Response:An interestingcomment has been raised byreviewer;statement has been included in Limitations of the study portion.  

        Comment 3:The measurement of creatinine levels: The study used creatinine levels at admission to define hyper creatinemic, which may not accurately reflect the true baseline creatinine level in some patients.

        Response: The baseline was established in hospital in healthy patient group, based on baseline values and guidelines of Kidney disease guidelines as defined by Improving Global Outcomes (KDIGO) CKD Work Group (2012) classification (KDIGO, 2012). KD was defined as per serum creatinine criteria and was defined as significant increase in serum creatinine by 1.5 times higher from the baseline values established in Chest Disease Laboratory, Srinagar Jammu and Kashmir.

Comment 4:The study did not account for all potential confounding factors that may affect the association between hyper creatinemic and COVID-19 outcomes.

Response:Multivariable analysis revealed age, elevated creatinine concentration; IL-1, D-Dimer and Hs-Crp were independent risk factors for in-hospital mortality. On adjusted analysis, the association of creatinine levels remained strongly predictive of all cause in-hospital mortality (HR-5.34; CI-4.89-8.17; p ≤ 0.001).Furthermore, we could not find any significant difference in other co-morbidities which might have effect on levels of creatinine.In addition to this, in present study inclusion criteria we followed was “no history of co-morbidities prior to hospitalization” and we attempted to exclude those patients having known history of co-morbidities. Patients were divided in two groups only on basis of levels of Cr above threshold levels.

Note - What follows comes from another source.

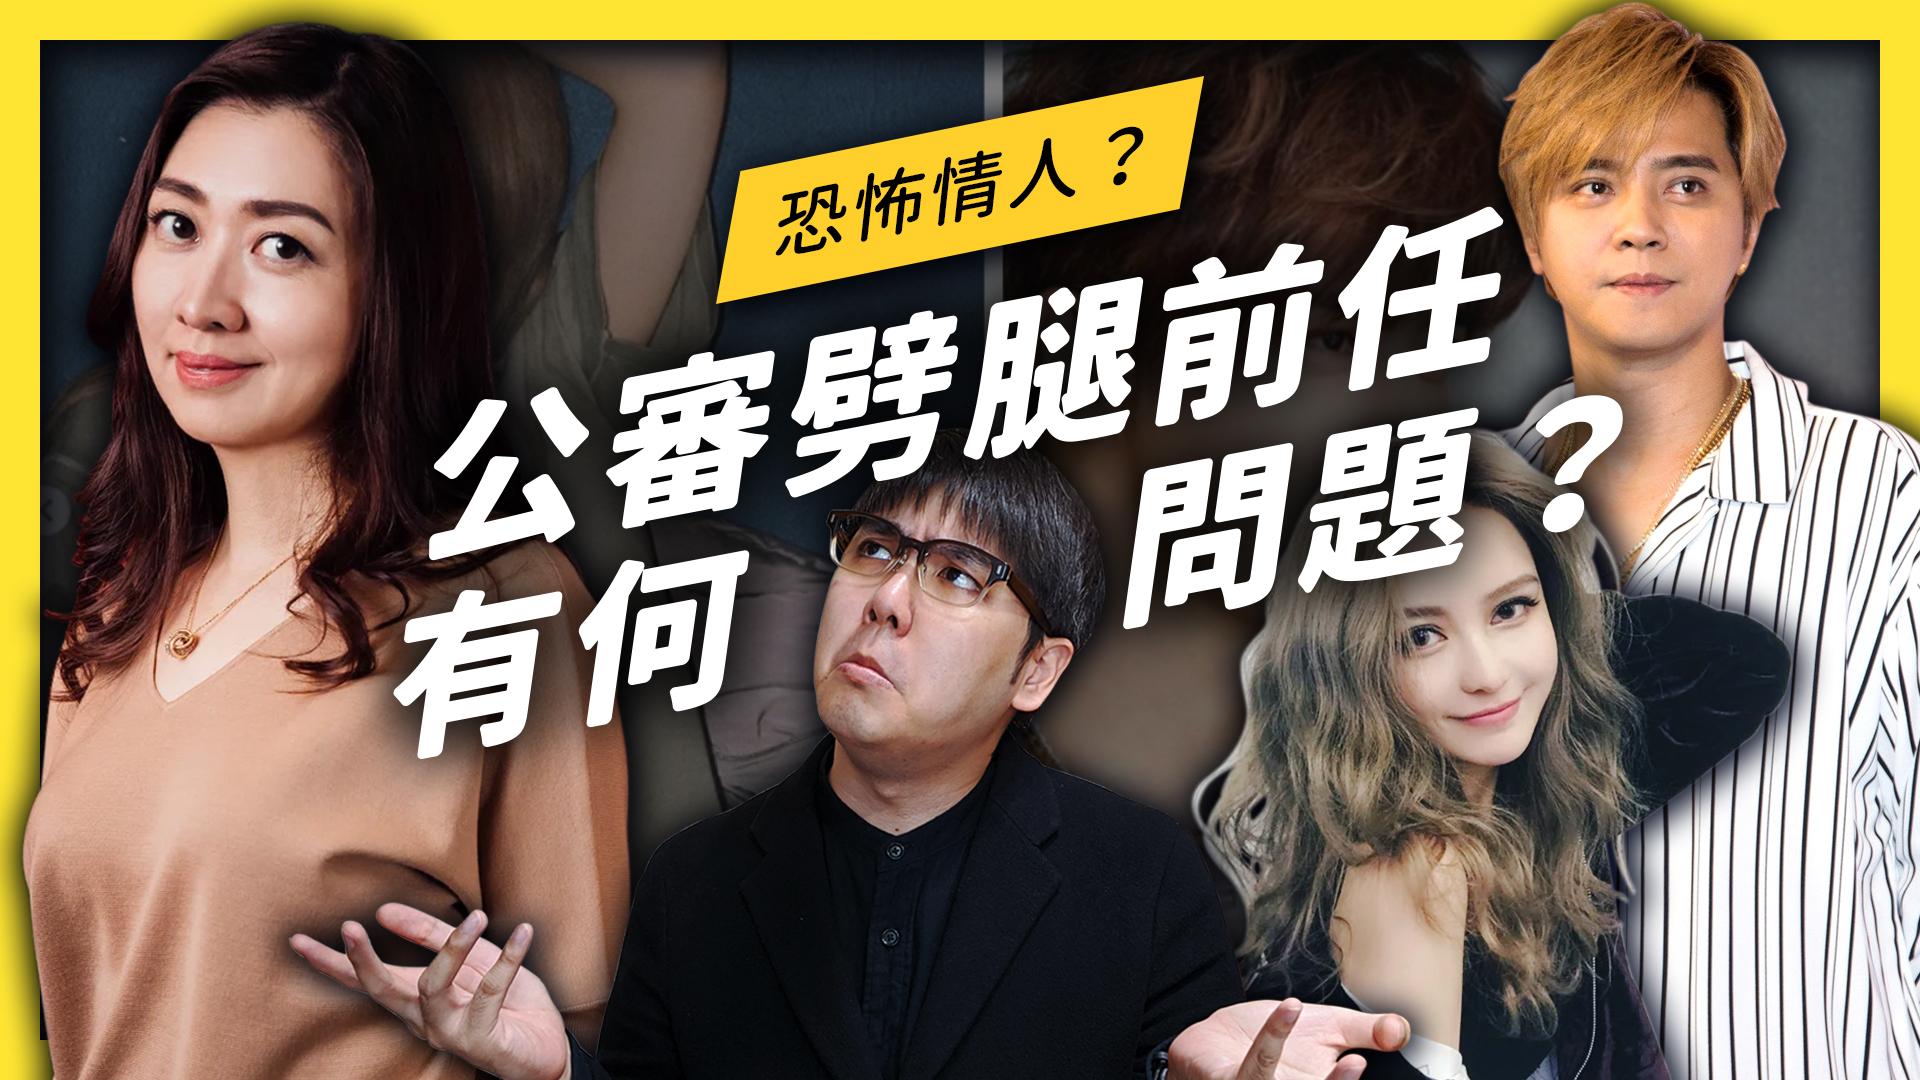 鄧惠文說周揚青「網路公審」羅志祥的行為,不該被津津樂道,你怎麼看?

Comment 5: The study did not provide information on the specific treatment protocols used for patients with hyper creatinemic, which may have influenced the study's findings.

Response: All the patients were treated with standard COVID-19 protocol (Table 1). During hospital stay patients were treated with standard therapy and patients in hypercreatinemic group received more corticosteroids compared to normocreatinemic sub-population.